L’Ingenium 6L diesel se décline en trois variantes : le D200, D250 et D300, le nombre dans la dénomination indiquant naturellement la puissance du moteur. Toutes ces versions sont couplées avec une hybridation douce 48 volts (MHEV). Le moulin de 2 litres peut être choisi en déclinaison P300 sans hybridation ou P400 PHEV (hybride « plug-in »). Le dernier moteur, l’Ingenium 6L 3 litres essence, qui équipe notre véhicule d’essai, n’est disponible qu’en P400 MHEV. Tous les motorisations sont couplées de série à une transmission intégrale.

Le plus gros des moteurs essence, en plus de fournir 400 chevaux, déploie 550 Nm de couple disponible dès 2’000 t/min. C’est un bloc particulièrement souple et évolutif, avec des aptitudes de reprise et de force particulièrement étonnantes. Les moteurs Ingenium ne sont pas réputés pour leur aspect économe en énergie fossile. Le 6L essence n’échappe pas à la règle. Sur 850 kilomètres d’essai, la consommation se stabilise à 14 l/100km en moyenne. En étant particulièrement délicat dans la conduite, on peut faire tomber le chiffre à 12,8 litres. Dans le terrain, la machinerie engloutit en moyenne 18,5 litres aux cent kilomètres.

Au volant

S’il y a bien une chose que partage ce Defender avec son prédécesseur, c’est la stature. Il est sacrément massif, dans toutes les dimensions. La version 110 accentue naturellement cet effet, avec son empattement long. Comme dit précédemment, je suis interpellé par son aspect moins robuste. Loin d’être en toc, son allure moins « rough » me fait dire immédiatement qu’il sera compliqué de l’emmener dans le terrain, de peur de casser quelque chose. Là où la précédente mouture vous signifiait par son design qu’il n’aurait cure des bosses et des coups. Un coup de marteau et un morceau de scotch et ça repart.

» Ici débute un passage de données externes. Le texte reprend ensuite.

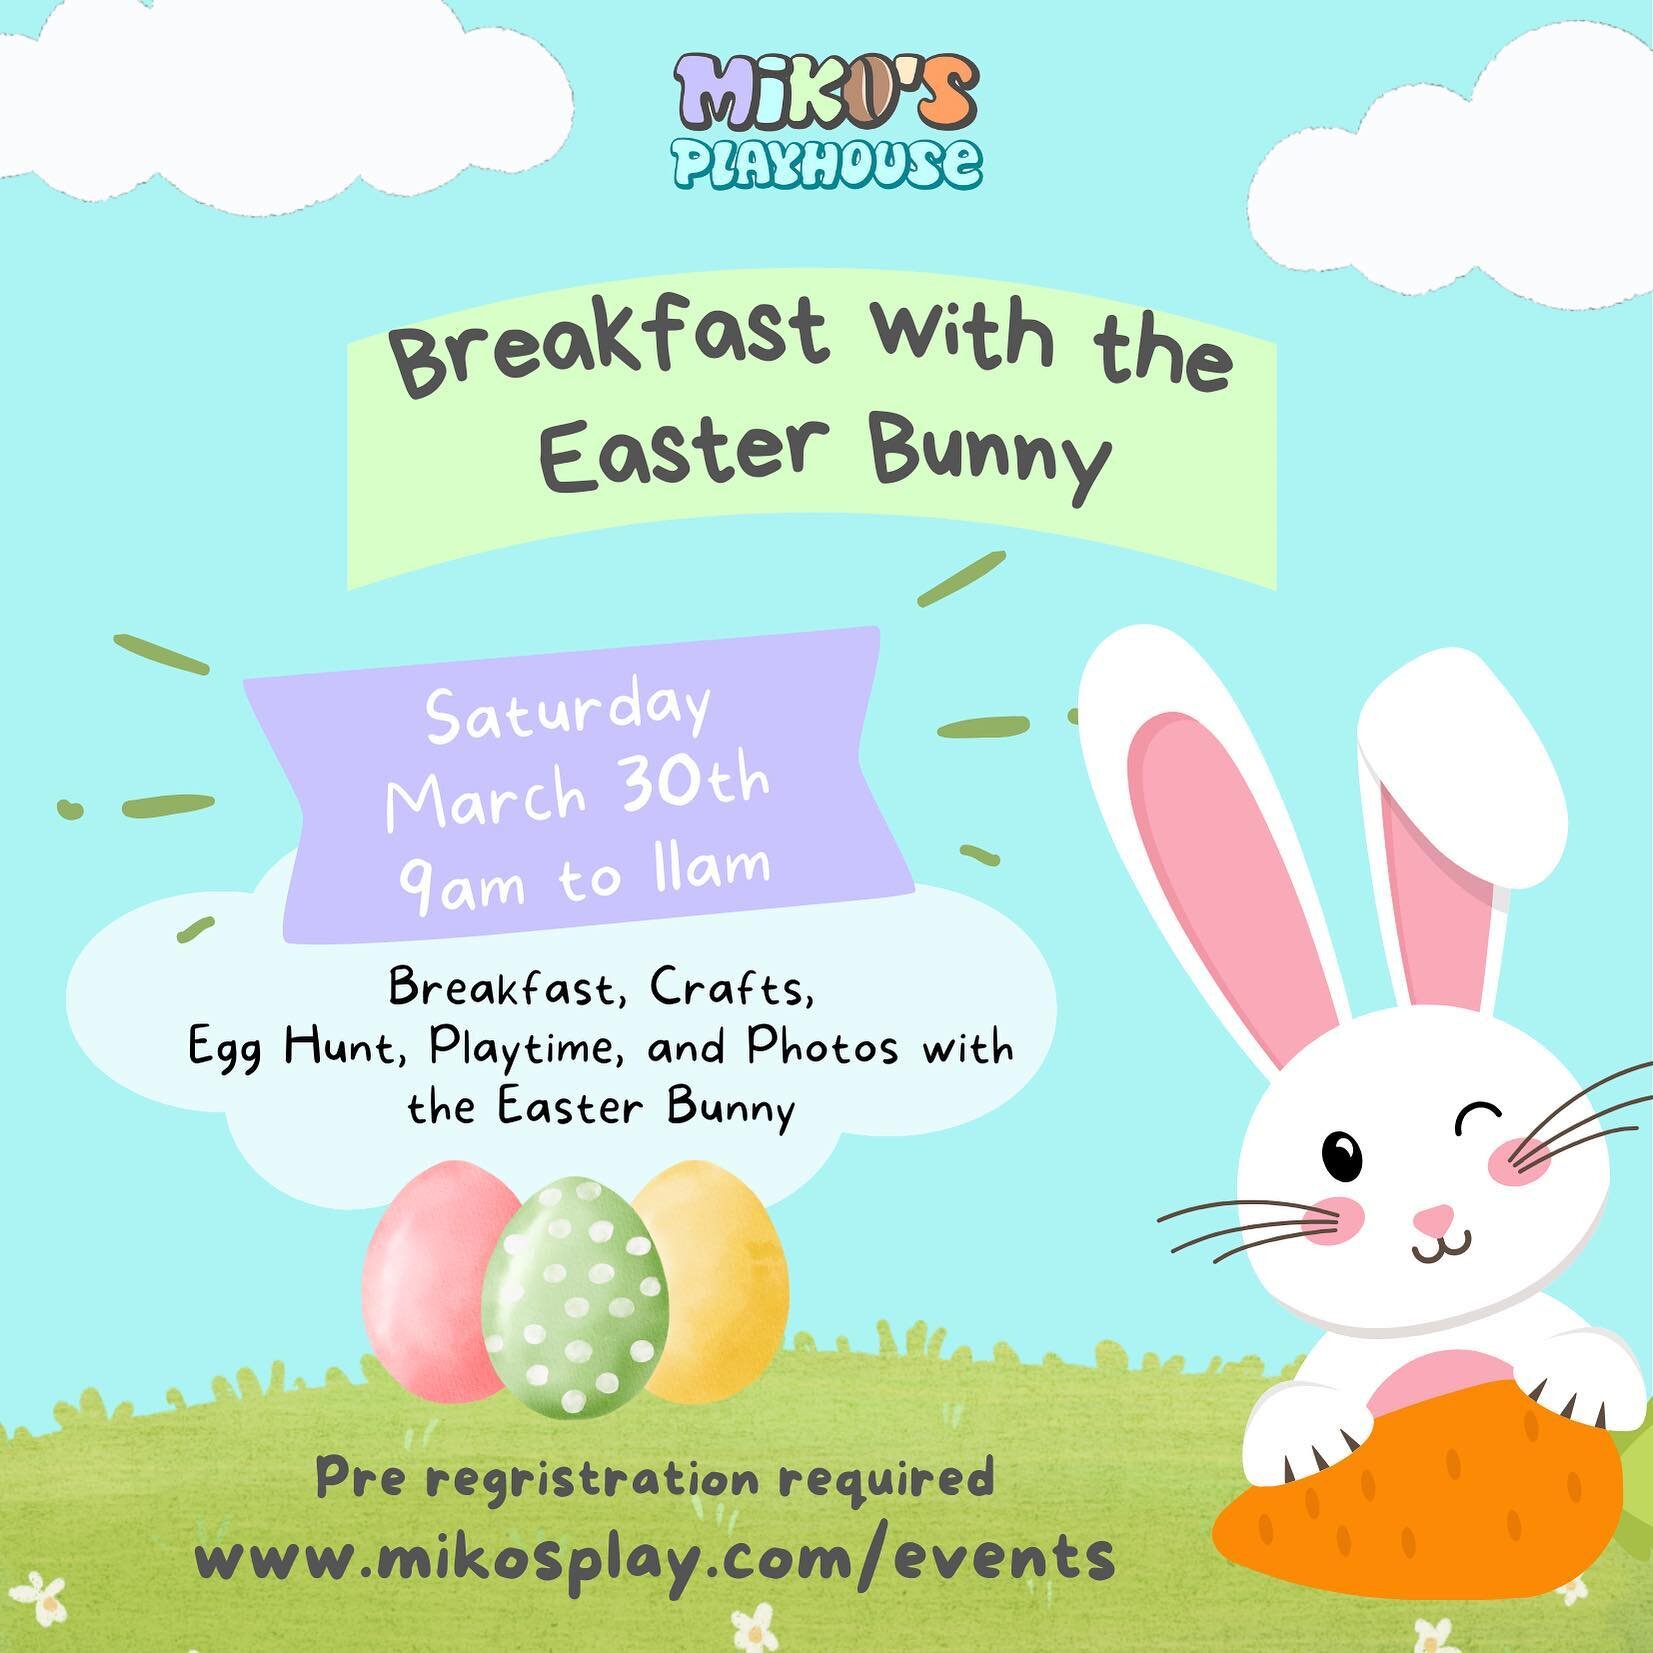 Join us for a hoppy breakfast with the Easter Bunny! 🐰🥞 Enjoy a delightful morning filled with delicious treats, fun activities, and of course, a special visit from the Easter Bunny himself! Limited spots available, reserve yours today! www.mikospl

Avec ses 2’105 mm de largeur (2’008 mm rétroviseurs rabattus), j’en viens à appréhender aussi la circulation en ville. Sur ce point, le Defender me fait immédiatement mentir. Il est étonnamment maniable, braque très bien pour le véhicule qu’il est, se montre extrêmement docile et facile à vivre. Le moteur joue sans conteste un grand rôle. Sa noblesse se fait immédiatement sentir. Malgré les 2’570 kilos sur la balance (en ordre de marche), on ne sent jamais de lourdeur sur les relances. Le SUV XXL est même étonnamment véloce et réactif à la sollicitation de l’accélérateur. Que ce soit en milieu urbain, sur routes cantonales ou sur autoroute, le Defender s’en sort toujours très bien. Il met en confiance, riveté à l’asphalte.

Le châssis est sain et communique beaucoup. Les suspensions sont clairement réglées pour répondre aux exigences du terrain. Bien que pilotables, elles souffrent quelque peu de cette orientation. Le roulis est présent, on le sent nettement sur les changements latéraux de charge. La filtration des irrégularités de la route est aussi assez légère. Les amortisseurs sont fermes et on en vient à sentir toutes les variations du bitume. C’est clairement étudié pour absorber rapidement les contraintes soudaines et accepter des compressions fortes sur de longues périodes.

Avec cette configuration 110, je sais par avance que ce modèle ne sera pas le roi du franchissement, l’empattement long pose immédiatement une limite physique. Sans trop attendre, je me dirige vers mes coins favoris des forêts jurassiennes, le but étant naturellement de mettre la mécanique dans la boue, les cailloux, les tapis de feuilles et autres petits nants qui zèbrent les vastes futaies de la région. Je décide de lancer le Defender dans un chemin forestier, en mode standard, sans réglages préalables. Simplement équipé de pneus hiver de route, je sens que le 4×4 n’est pas en confort. Il avance, certes, mais non sans mal.

Après un petit kilomètre à allure réduite, je décide d’ajuster la configuration. Je positionne la bête en pension haute. Je sens que le Defender prend de la hauteur, beaucoup de hauteur. L’écran central « Wade sensing » m’indique que je suis paré faire des passages à guet d’un mètre dix. Je regrette alors que l’Alaska soit si loin. Je sélectionne le mode « Boue / ornières » et je fais feu. Le Land Rover montre alors un tout autre visage. La traction devient phénoménale, l’ordinateur central gère en permanence la distribution de couple. J’en viens à prendre sans peine des talus par le flanc, à franchir de solides arêtes en forêt, le tout dans un plein confort. Si la plateforme renvoie bien des informations, la direction ferme est très peu communicante. La prise d’information par voie analogique est un peu amputée, cependant le numérique comble incroyablement bien le creux.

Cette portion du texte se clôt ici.